Your instructions: Leave out the pictures and restate the rest of the data exactly.

Collected data:
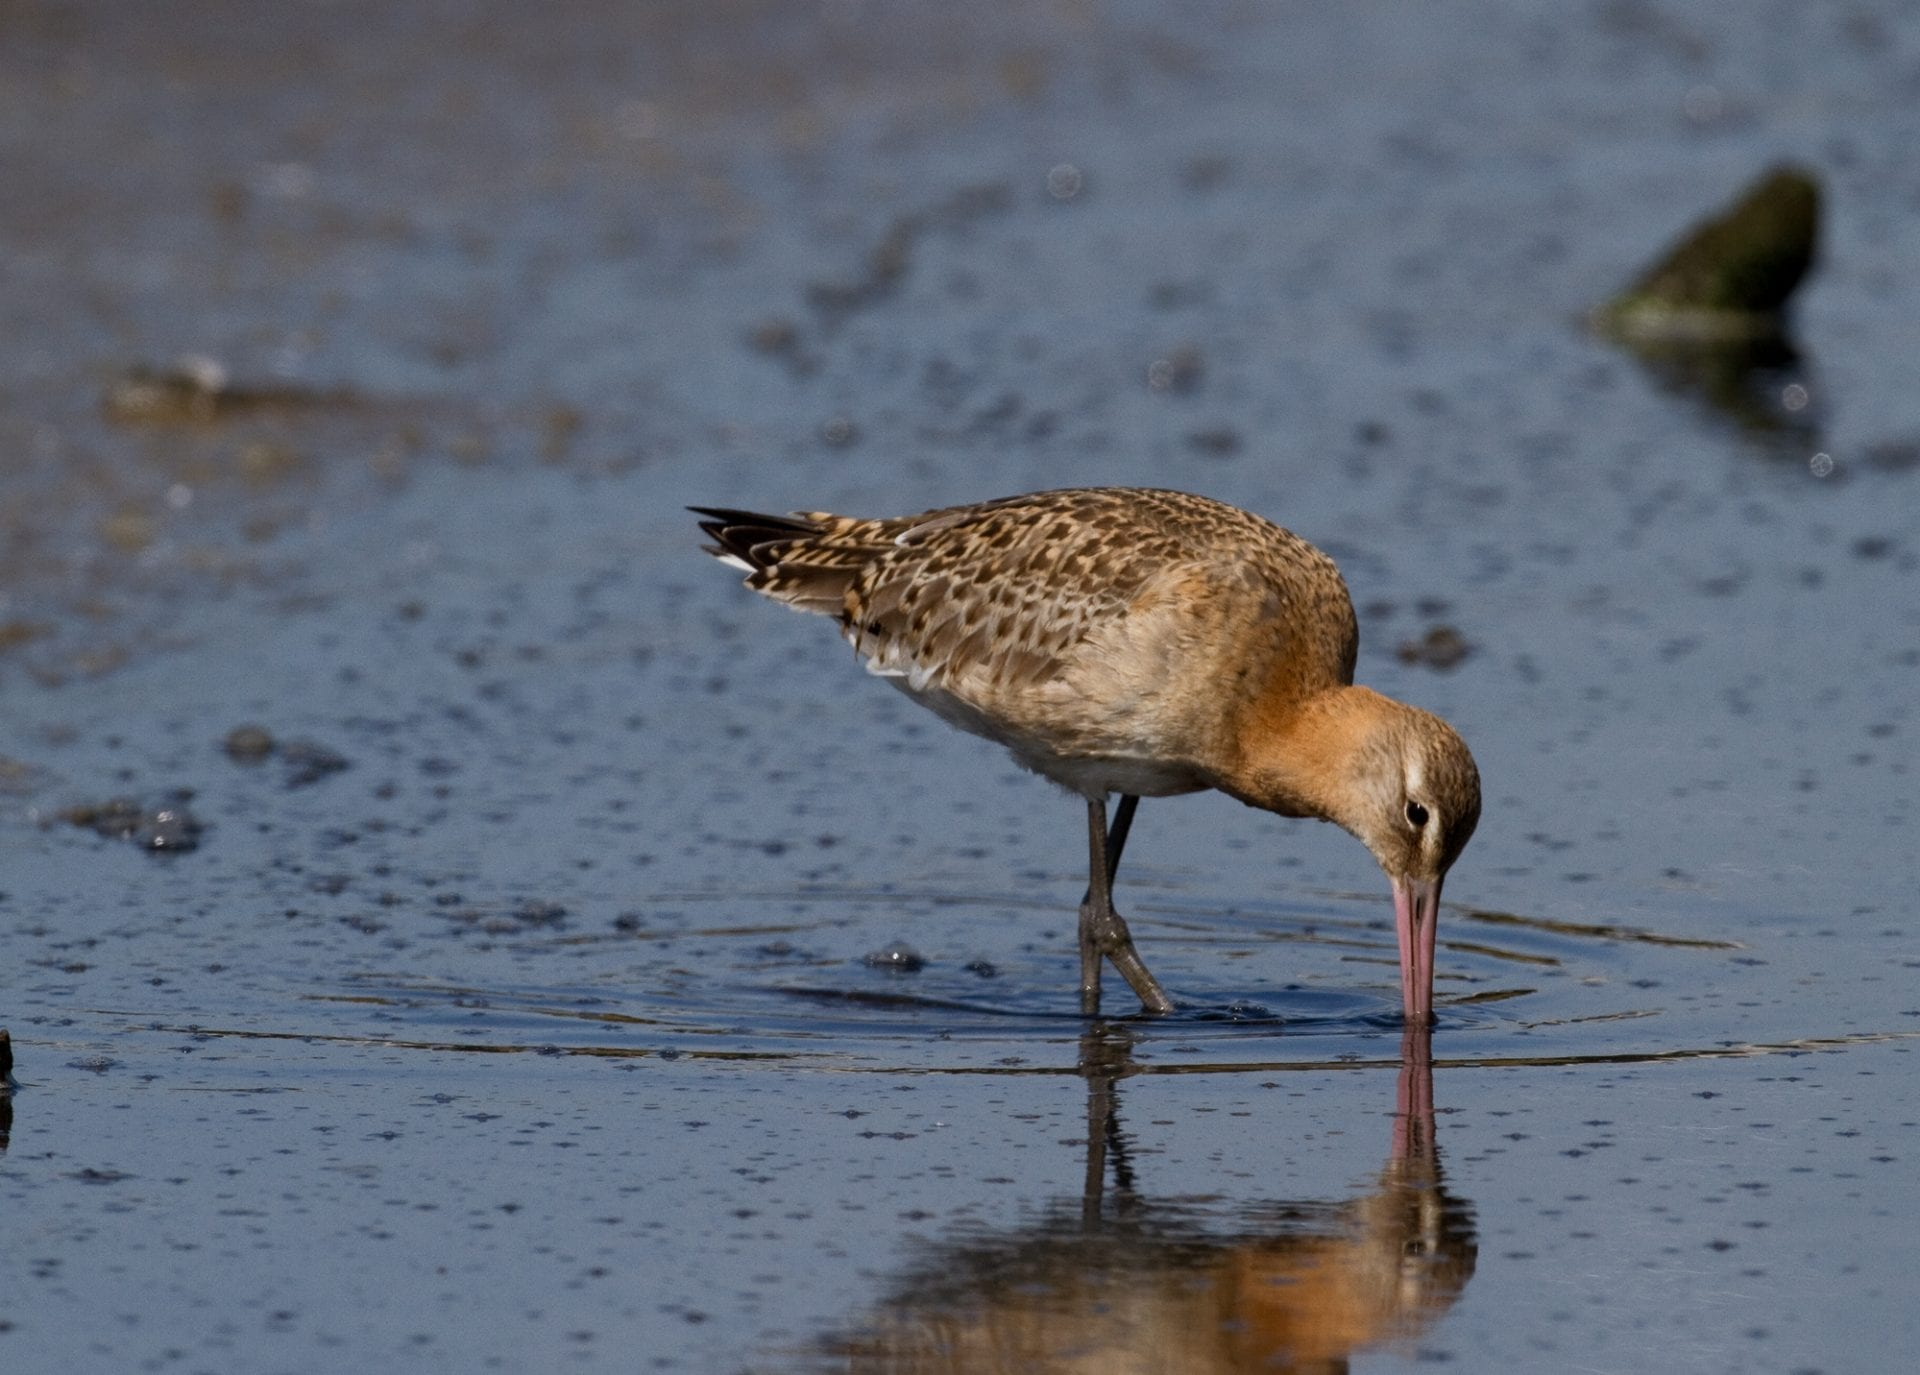 bar-tailed-godwit-probing-mud-with-long-beak
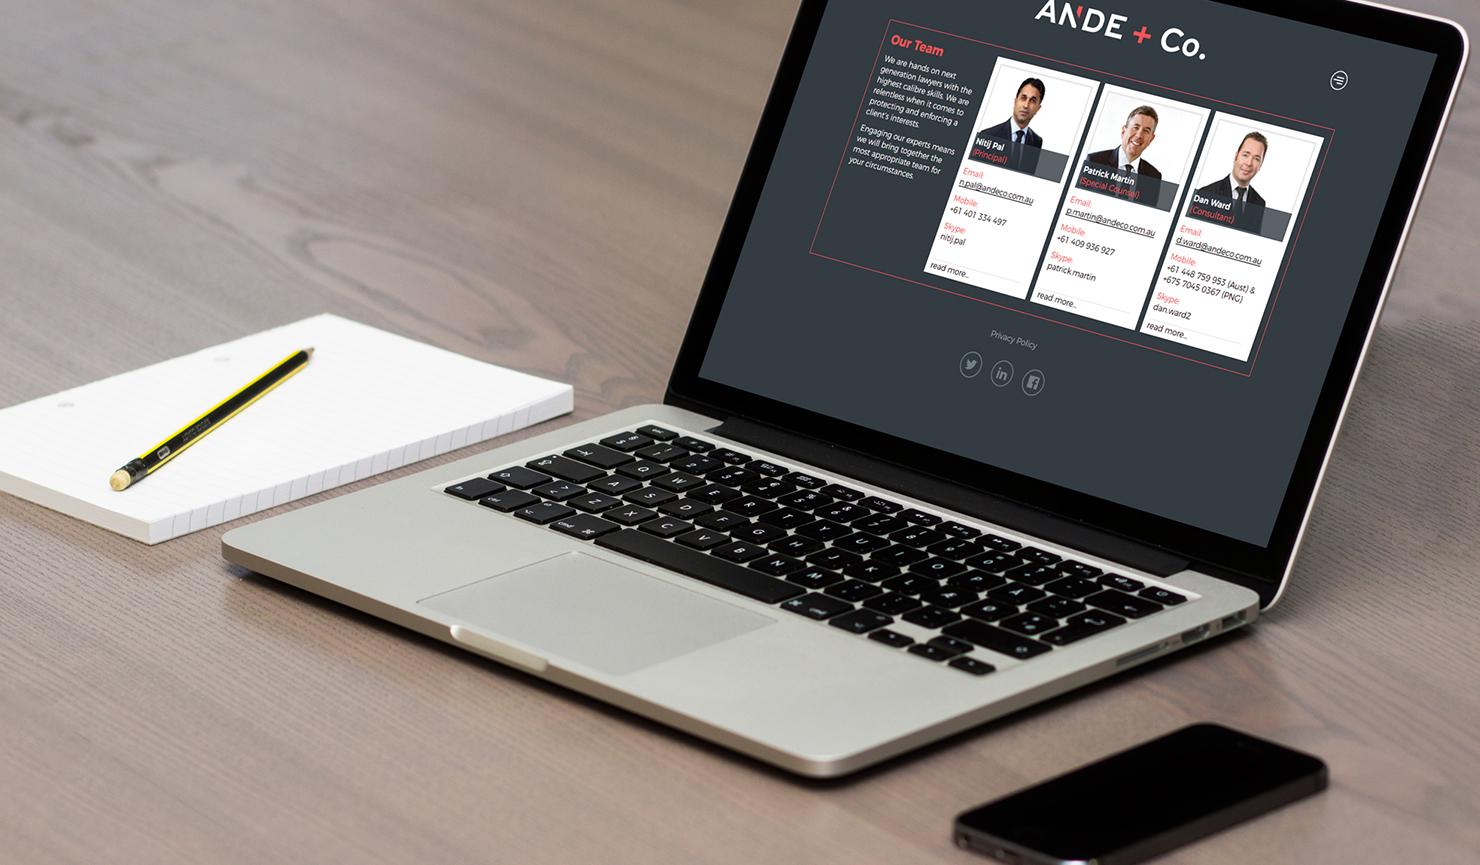 ande-co-website-01
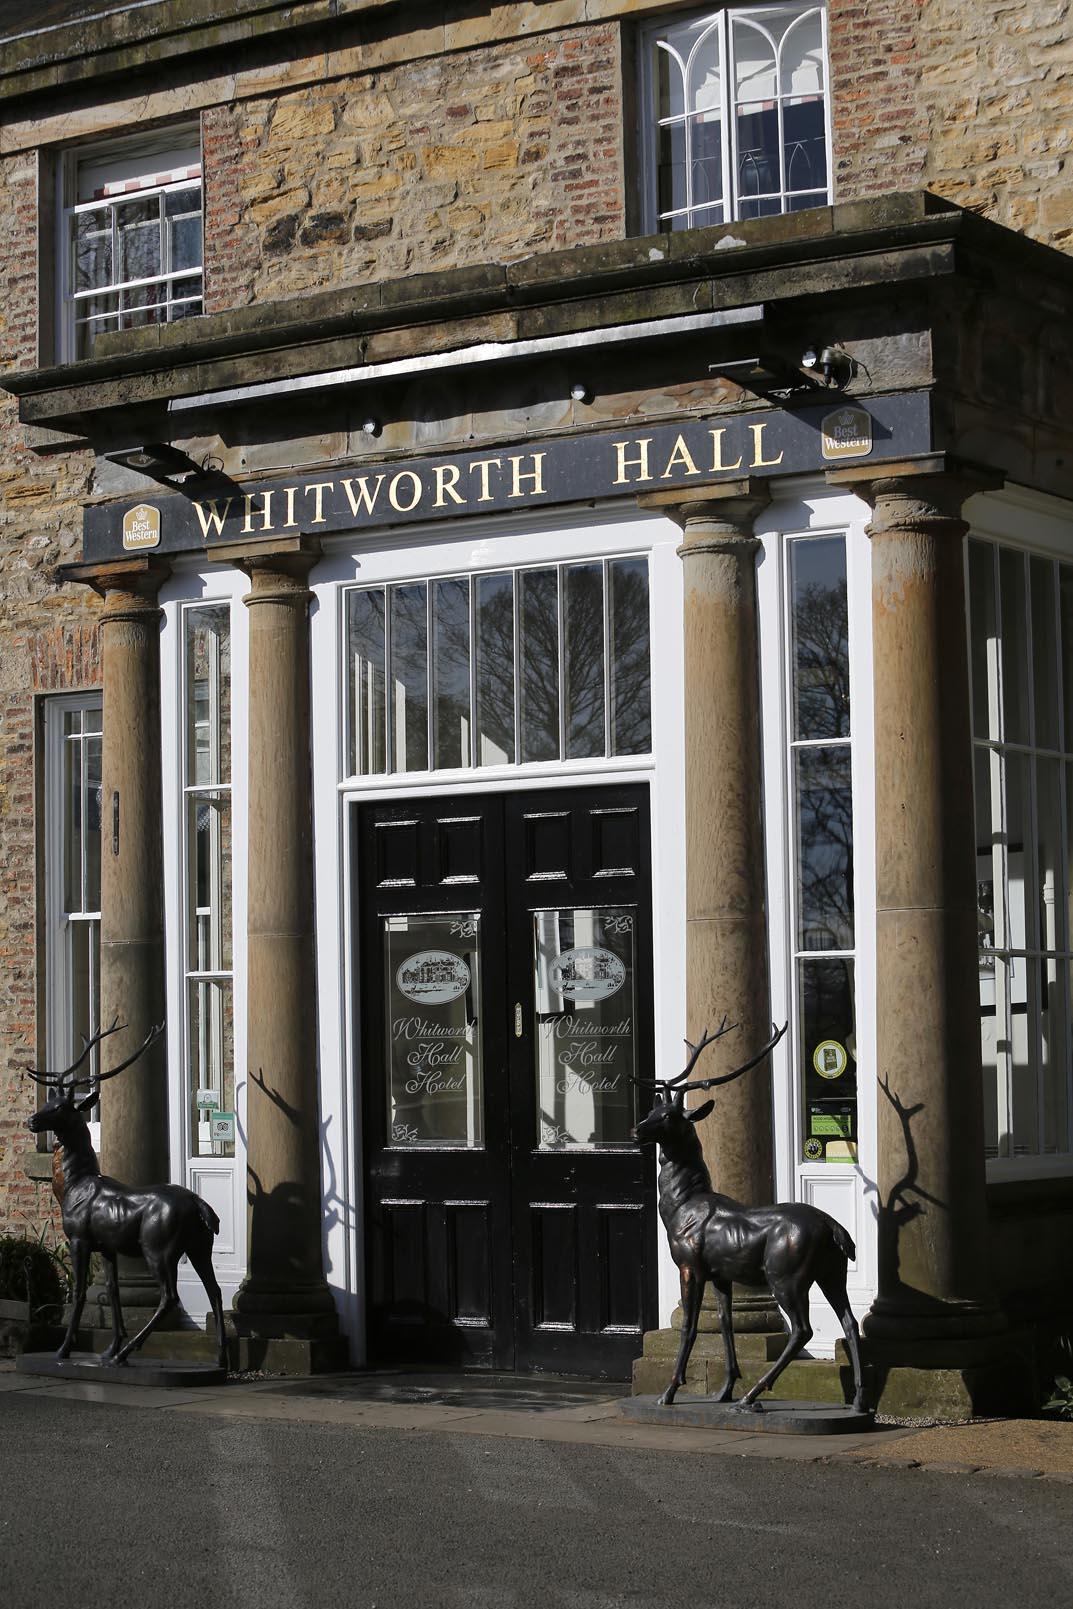 Best Western Hotel Room: Best Western Whitworth Hall Hotel

Solution to the problem:
 bar-tailed-godwit-probing-mud-with-long-beak
 ande-co-website-01
 Best Western Hotel Room: Best Western Whitworth Hall Hotel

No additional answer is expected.